We discuss an information-based reinforcement learning method that explores the environment by learning diverse skills without the supervision of extrinsic rewards. In a nutshell, the method, namely DIAYN(Diversity Is All You Need), establishes the diversity of skills through an information theoretic objective, and optimizes it using a maximum entropy reinforcement learning(MaxEnt RL) algorithm(e.g., SAC). Despite its simplicity, this method has been demonstrated to be able to learn diverse skills, such as walking and jumping, on a variety of simulated robotic tasks. Moreover, it is able to solve a number of RL benchmark tasks even without receiving any task reward. For more interesting experimental results, please refer to view videos.

Diversity Is All You Need

In addition to general MDP, DIAYN further defines a skill as a latent-conditional policy that alters the state of the environment in a consistent way. Mathematically, a skill is denoted by \(p(a\vert s,z)\), where \(z\) is a latent variable sampled from some distribution \(p(z)\). The method is mainly built on three ideas

  1. For skills to be useful, we want the skill to dictate the states that the agent visits. Different skills should visit different states, and hence be distinguishable. To achieve this, we maximize the mutual information \(I(S;Z)\) between states \(S\) and skills \(Z\).
  2. We want to use states, not actions, to distinguish skills, because actions that do not affect the environment are not visible to an outside observer. This is done by minimizing the mutual information \(I(A;Z\vert S)\) between actions \(A\) and skills \(Z\) given the state \(S\).
  3. We encourage exploration and incentivize the skills to be as diverse as possible by learning skills that act as randomly as possible. Skills with high entropy that remain discriminable must explore a part of the state space far away from other skills, lest the randomness in its actions lead it to states where it cannot be distinguished. We achieve this by maximizing the policy entropy \(\mathcal H(A\vert S)\).

Now we put together all three objectives

\[\begin{align} \max\mathcal F(\theta):=&I(S;Z)+\mathcal H(A|S)-I(A;Z|S)\\\ =&\mathcal H(Z) - \mathcal H(Z|S)+\mathcal H(A|S)-\mathcal H(A|S)+\mathcal H(A|S,Z)\\\ =&\mathcal H(Z) - \mathcal H(Z|S)+\mathcal H(A|S,Z)\tag{1} \end{align}\]
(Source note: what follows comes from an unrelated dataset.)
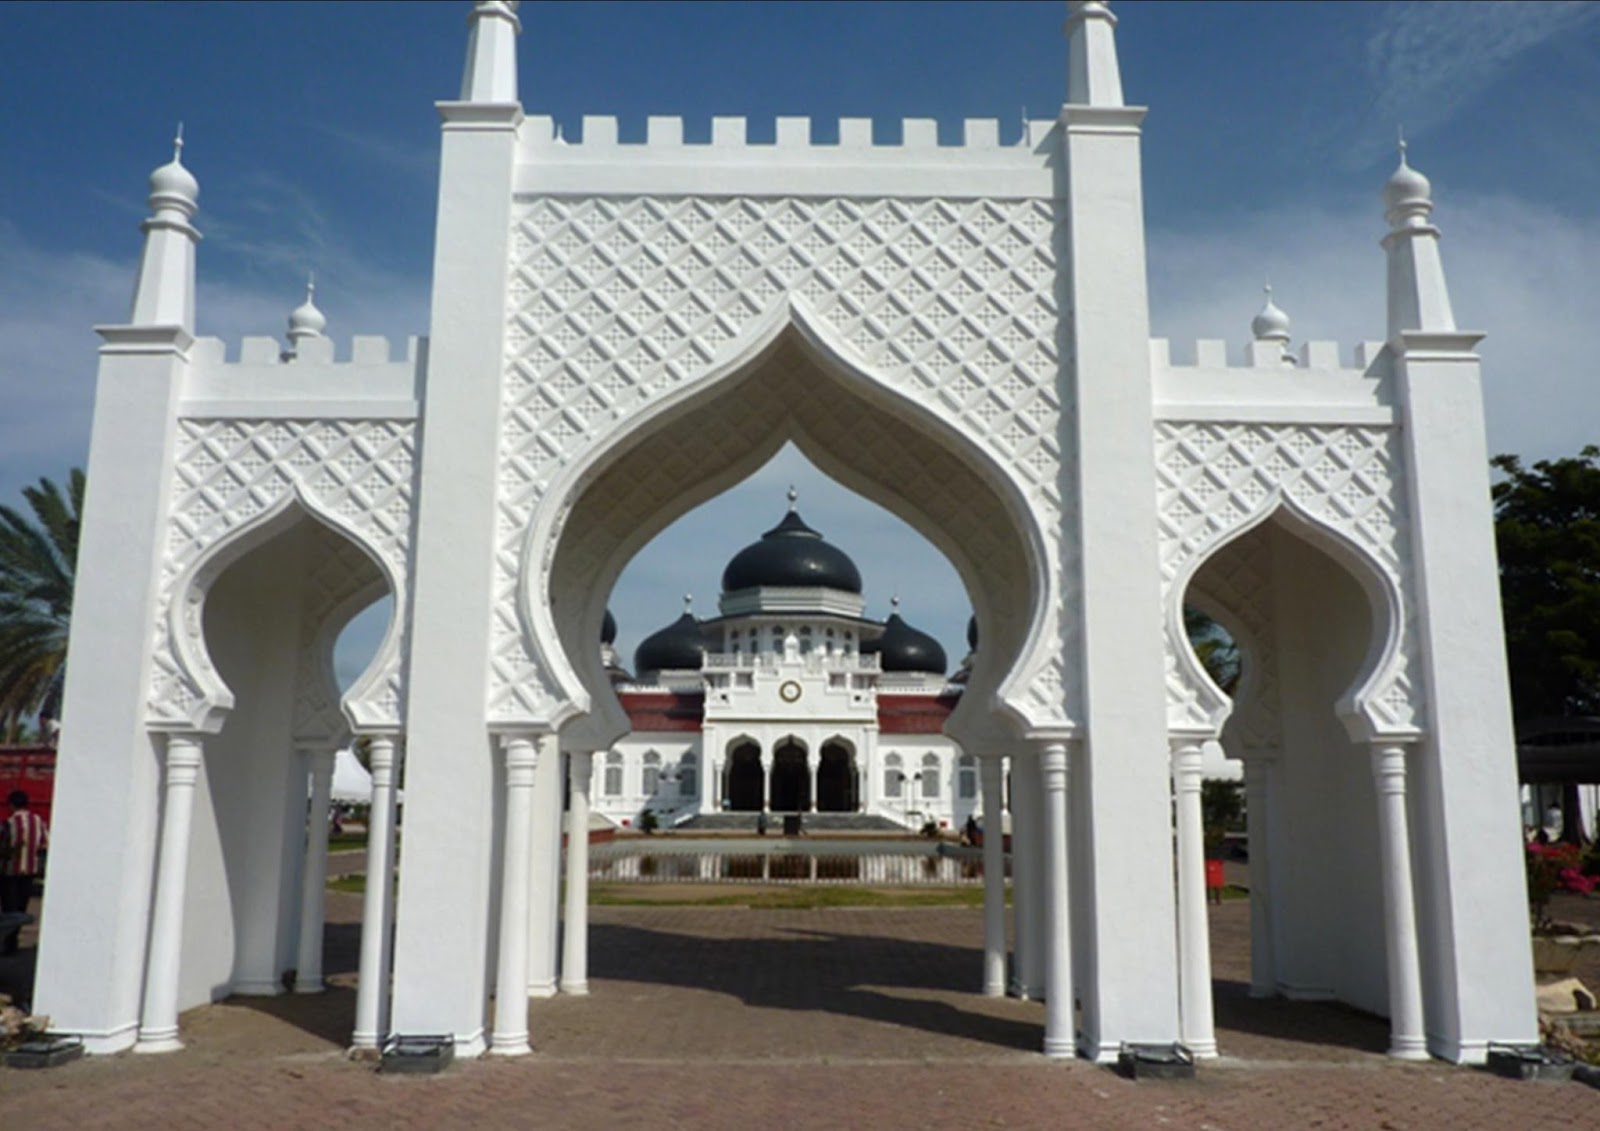 Keunikkan 12 Gambar Gapura Masjid Minimalis Dan Modern

We now develop some intuitions on each term. The first term encourages our prior distribution \(p(z)\) to have high entropy. For a fixed set of skills, we fix \(p(z)\) to be a discrete uniform distribution guaranteeing that it has maximum entropy. Minimizing the second term suggests that it should be easy to infer the skill \(z\) from the current state. The third term suggests that each skill should act as randomly as possible.

The third term can be easily achieved with some MaxEnt RL method(e.g. SAC with temperature \(0.1\) used in their experiments). As for the first two terms, the authors propose incorporating them into a pseudo-reward

\[\begin{align} r_z(s,a):=\log q_\phi(z|s)-\log p(z) \end{align}\]

where a learned discriminator \(q_\phi(z\vert s)\) is used to approximate \(p(z\vert s)\), which is valid since

\[\begin{align} \mathcal H(Z) - \mathcal H(Z|S)&=\mathbb E_{s,z\sim p}[\log p(z|s)-\log q_\phi(z|s)+\log q_\phi(z|s)-\log p(z)]\\\ &=D_{KL}(p(z|s)\Vert q_\phi(z|s))+\mathbb E_{s,z\sim p}[\log q_\phi(z|s)-\log p(z)]\\\ &\ge \mathbb E_{s,z\sim p}[\log q_\phi(z|s)-\log p(z)] \end{align}\]

Note that Figure1 conditions \(q_\phi\) on \(s’\), which makes the reward action-dependent. However, the rest of the paper as well as the implementation conditions \(q_\phi\) on \(s\). This difference is non-trivial: when we condition \(q_\phi\) on \(s\), we reward the agent for landing in \(s\); when we condition \(q_\phi\) on \(s’\), we reward the agent for taking action \(a\). Mathematically, we have \(\log q_\phi(z\vert s)=\mathbb E_{a, s’}[\log q_\phi(z\vert s’)]\). Regarding the definition of the Bellman equations, it makes more sense to use \(\log q_\phi(z\vert s’)\) as the reward function.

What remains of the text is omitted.